When I first found out I was responsible for writing a blog this month, I was stumped! As the Operations Director, I focus on things like logistics and programming…those physical things that keep us going day to day. As for the creative writing, I prefer to leave that up to our brilliant marketing department. However, as I sat down to brainstorm I quickly realized what an amazing opportunity this is to showcase one of our longest and greatest summer employees: Megan Killoran.
Megan Killoran just finished her EIGHTH summer at Camp EDMO® Los Altos. Over the years she has held a variety of roles, starting out as a Counselor, moving up to Instructor, then Assistant Director and most recently working four straight years as the site’s fearless Camp Director. Megan has her bachelor’s degree in Elementary and Special Education and works as a Special Education Teacher in San Jose during the year. Though that is more than enough to keep anyone busy, Megan is also spends her evenings working on her masters degree in Curriculum and Instruction with an emphasis in Trauma and Resilience.
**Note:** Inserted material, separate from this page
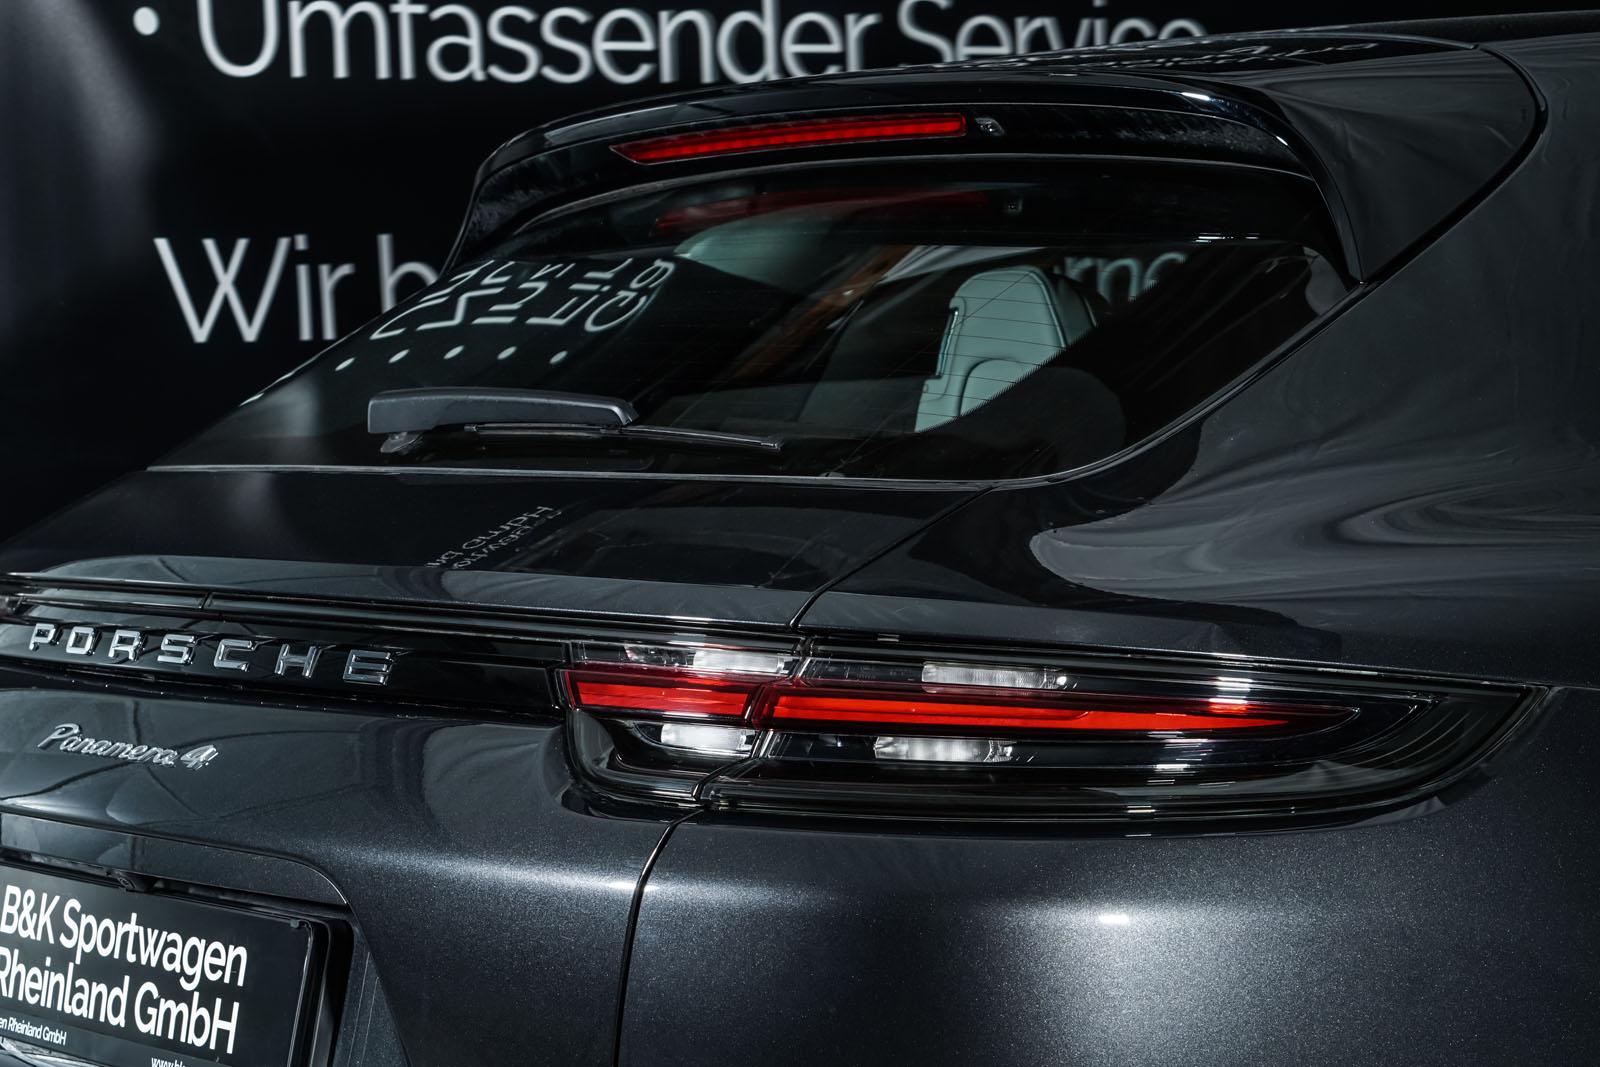 Porsche_Panamera4_SportTurismo_Grau_Weißgrau_POR-0979_23_w

Read on below to learn more about Megan and her passion for our EDMO world!
Courtney: You have so much going on during the year. What keeps bringing you back to work summers with EDMO?
Megan: It really comes down to the relationships I’ve built throughout the years with staff, campers and families. Working at EDMO the summer after my freshman year of college is what led me down the path of becoming a special education teacher and helped me become the leader and teacher I am. Now, you could call me an EDMO lifer. I love EDMO!
Courtney: As a teacher, you see a huge variety of curriculum and programming for kids. How does EDMO’s curriculum stand out compared to curriculum you teach during the school year?
Megan: I’d say the whole hands on experience. With the focus on technology, maker and science kids of all abilities can access it because it is interactive, but they are also still learning key concepts and ideas without having to have the skills necessary to read and write. In schools, science and other areas are mainly taught through reading so not every kid gets the same opportunity to learn. Then add in the fact it has the SEL embedded which is huge. If schools do have SEL curriculum (which is rare) it’s typically a separate curriculum which is hard to fit in with the required time for other “core” subjects.
Courtney: What is your favorite component of our SEL curriculum? What type of school year benefits do you see from this type of programming?
Megan: I love that we have the SEL skills in the enrichment curriculum so the kids are getting it throughout the day. Also, just the entire focus on these skills because it’s what our kids need but it is often overlooked during the school year. They benefit because they are able to learn the skills through experiences like collaborating on their projects and can figure out how to problem solve when real issues arise. But I also love that we dedicate that time specifically towards SEL as well because it allows for them to learn and do it. (If school curriculum had this embedded it would make such a big difference on the behavior we experience as educators.)
Courtney: What is your favorite silly moment from your years at EDMO?
Megan: There are so many! Probably when my staff did surprise pies on my last day this summer, because I LOVE pies!
Huge thanks to Megan Killoran for sharing her valuable time and thoughts!